Dear MMM Budget Team,

I’m interested in moving from the east coast to the west coast. I am determined to do it and we live a pretty Mustachian life. I am not sure how to convince my husband to “early retire” but I think if we do this move and leave the high cost-of-living area we are currently in, we could afford to move to Portland or Seattle. It’s not a big city but I am pretty happy in a smaller town.

Husband is currently working and I am staying at home. We have two kids ages 3 and 1. I’d also like to have 1 more kid so my reasoning for staying put potentially where we are another 2-3 years is having our third kid while covered by employer provided insurance versus buying our own. So I think a 2-3 year time frame.

In 2013 we grossed $200k. We lived on around $65k including our very expensive mortgage! Our house is a $600k (what we paid) 3bd/2.5ba townhouse at 1600 sq ft in an excellent school district. It’s worth more I’m sure – on our street last year alone 2 townhouses sold in bidding wars above asking price first week up. We owe ~$390k and bought in 2005. I think conservatively in a couple more years $250k is what we’ll walk away with if we sell.

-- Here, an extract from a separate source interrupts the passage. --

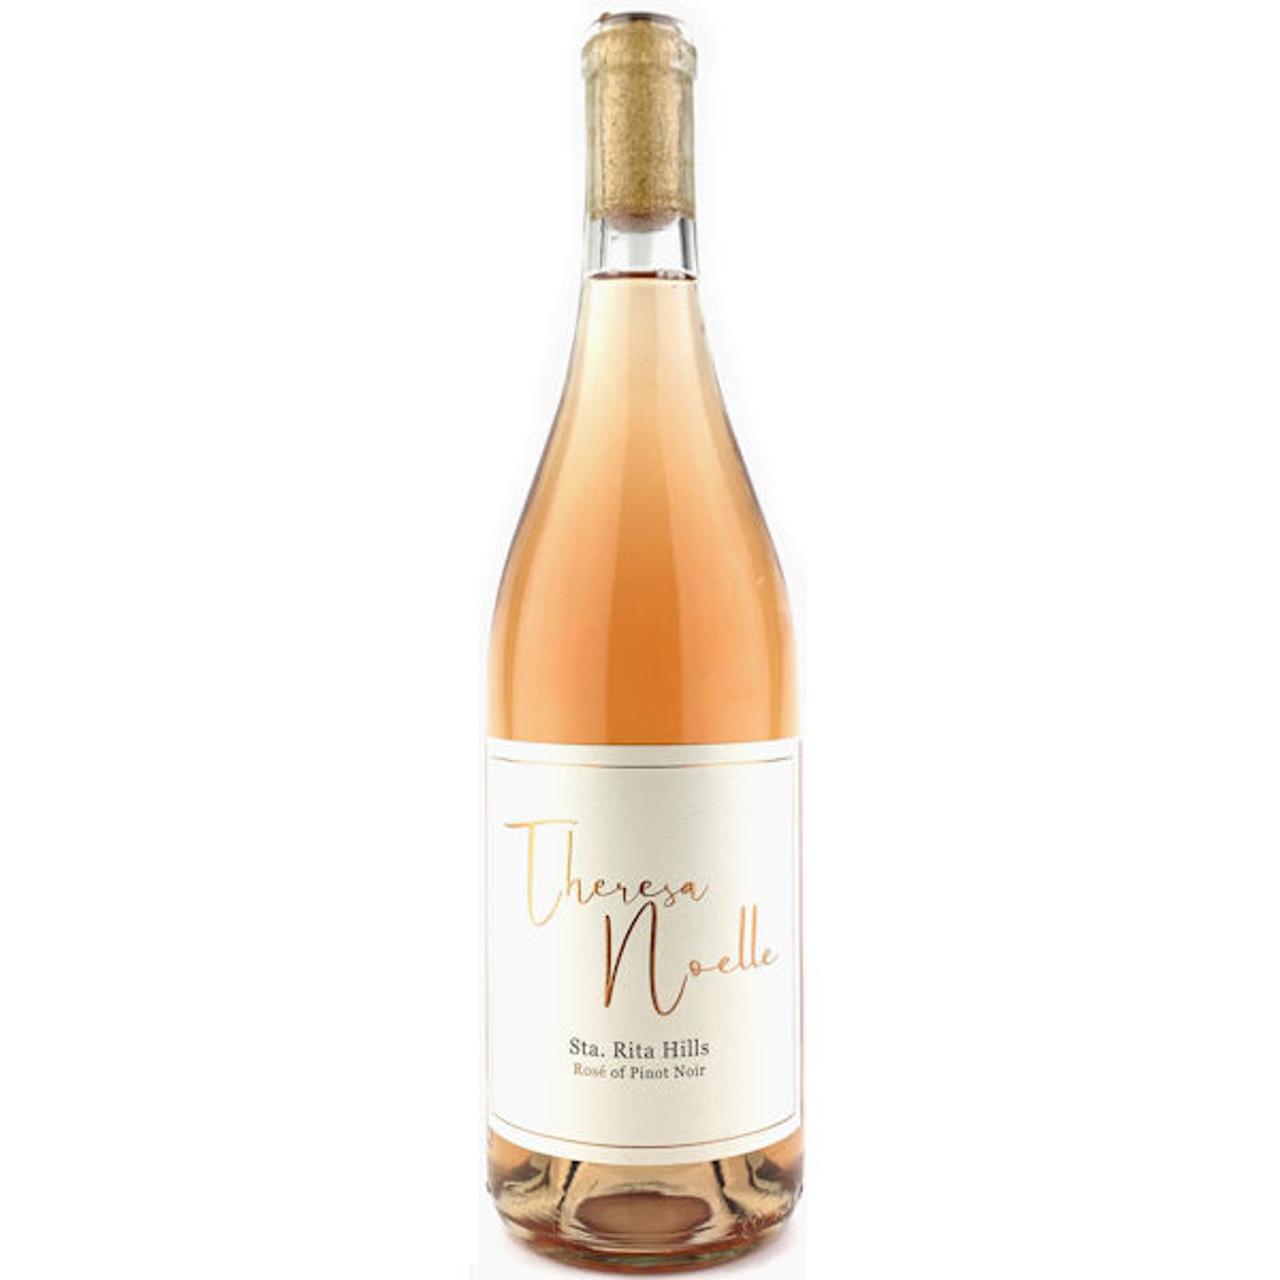 Theresa Noelle Sta. Rita Hills Rose of Pinot Noir
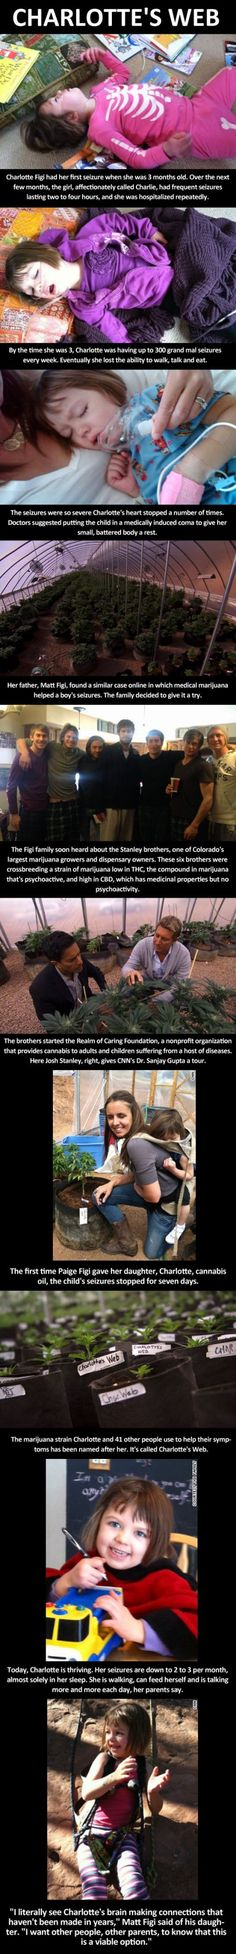 The proper use of Marijuana

We really live on about $30-40k without our mortgage. We lived like graduate students until we had kids and continued the lifestyle and haven’t changed much since.

However I think a better long term strategy would be to sell our home and move closer to our families on the west coast in a cheaper area. We could use our home equity to buy a home with cash and then we wouldn’t have to worry about finding high paying jobs. We could semi-retire and find work if we wanted.

My only worry is saving for college and retirement really. If we moved to Seattle we could do a prepayment of the undergraduate at University of Washington. We have ~$10k and ~$5k saved for our kids respectively.

But I’m not sure we have enough saved. I know without a mortgage we are looking at not needing the $30k/year we pay now!

So MMM I’d like help. I’d like to convince my husband we can do this and “retire” move to Seattle or Portland or any cheaper area. I think it’s a proposition worth investigating.

I think our quality of life would be better. My husband is a super financially conservative guy though, and has been telling me we need to save more, the kids don’t have enough for college, etc. And that we can’t afford the 3rd child I want and he does but isn’t sure about financially. Seriously I feel like we’ve made a lot of frugal money moves and we should have the 3rd child and we should also move because it would be the best idea to get out of the area.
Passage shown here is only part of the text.